Выбрать главу

Красивый, пожалуй, даже слишком красивый сюжет: сочинять на возрождаемом древнееврейском языке постсимволистский сонет о белой ночи посреди ленинградской действительности тех годов, — это предполагает едва ли не абсолютную решимость вообще не оглядываться на то, что творится вокруг. Не с той ли безоглядности вникания в материи вроде английских metaphysical poets, самые что ни на есть странные по обстоятельствам времени и места, будет начинать четверть века спустя другой еврейский мальчик в Ленинграде — Иосиф Бродский?

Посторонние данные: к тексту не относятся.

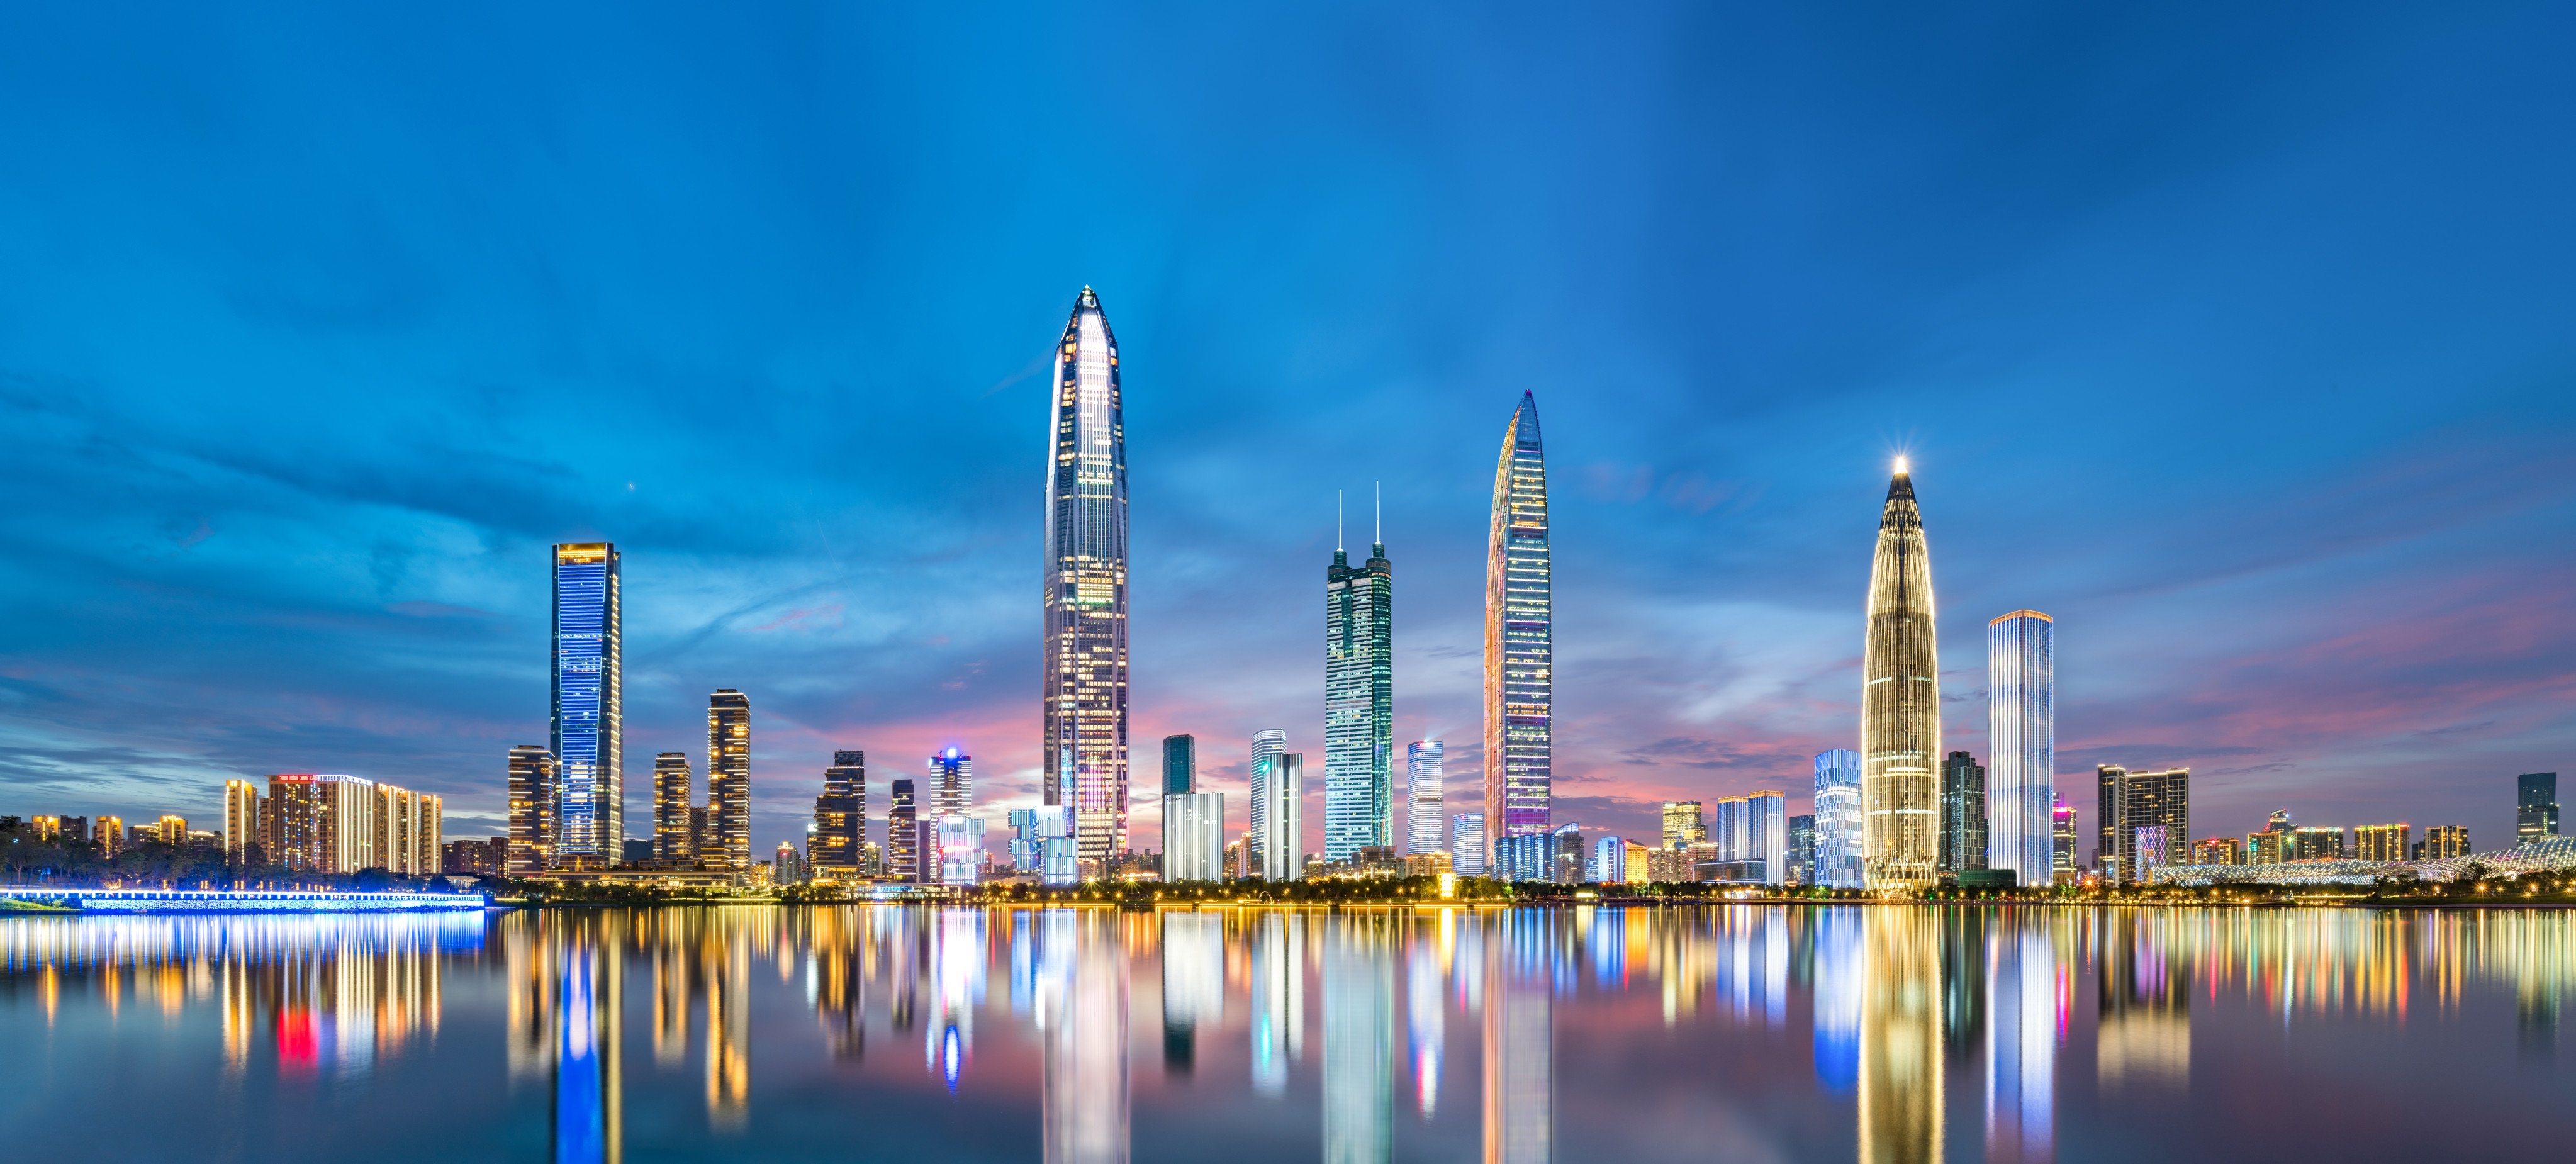 The Shenzhen municipal government’s new funding initiative for technology firms marks the city’s latest effort to help the domestic tech sector overcome stifling US sanctions. Photo: Shutterstock

Чтобы написать такой сонет, нужно было суметь до конца сосредоточиться на самих правилах игры, отбросив с великолепным презрением вопрос — кто в этой игре ожидаемый партнер поэта, кто будет читателем и ценителем? На берегах Невы не очень читали на иврите, а там, где знатоков этого языка было побольше, едва ли многих заинтересует тема — купол Исаакия, kipat ’isaaqi, и сама белая ночь, hallбajlah hallavan. Но все это не имеет никакого значения: важны правила игры — чем строже, чем труднее, тем лучше.

Именно по признаку этого своего качества забытый образ Хаима Ленского выбран как заставка для моего доклада.

Я испытываю сильное искушение ностальгически углубиться в атмосферу, густо клубившуюся вокруг питерских стариков вроде Аристида Ивановича Доватура, для которых, скажем, фигура поэта Константина Вагинова была недальним воспоминанием вольного филологического сообщества эллинистов по имени АБДЕМ, заседания коего Вагинов посещал с 1927 года, — а уж шуточка насчет Мандельштама как “мраморной мухи” сохраняла острую злободневность, точно вот только что возникшая. Такие очень устные, очень домашние рассказы, регулярно перемежавшиеся с лагерными воспоминаниями рассказчика, рассказы, в которых очень важны были мимика, интонации, нюансы выговора, — действовали на меня, молодого москвича, как некая мистериальная инициация. Я думаю о том, как показывал мне петербургские места, а также Комарово Дмитрий Сергеевич Лихачев, — это тоже была инициация в мистерии Петрополиса. Но иногда тема поучительной беседы не была петербургской в буквальном смысле; Кумран и вообще iudaica не имеют специально к Петербургу никакого касательства, но для моей души эти предметы навсегда связаны с памятью о незабвенном Иосифе Давыдовиче Амусине, с домом на улице Орбели, где я его навещал, наслаждаясь общением с ним и запасаясь наставлениями для моих будущих трудов...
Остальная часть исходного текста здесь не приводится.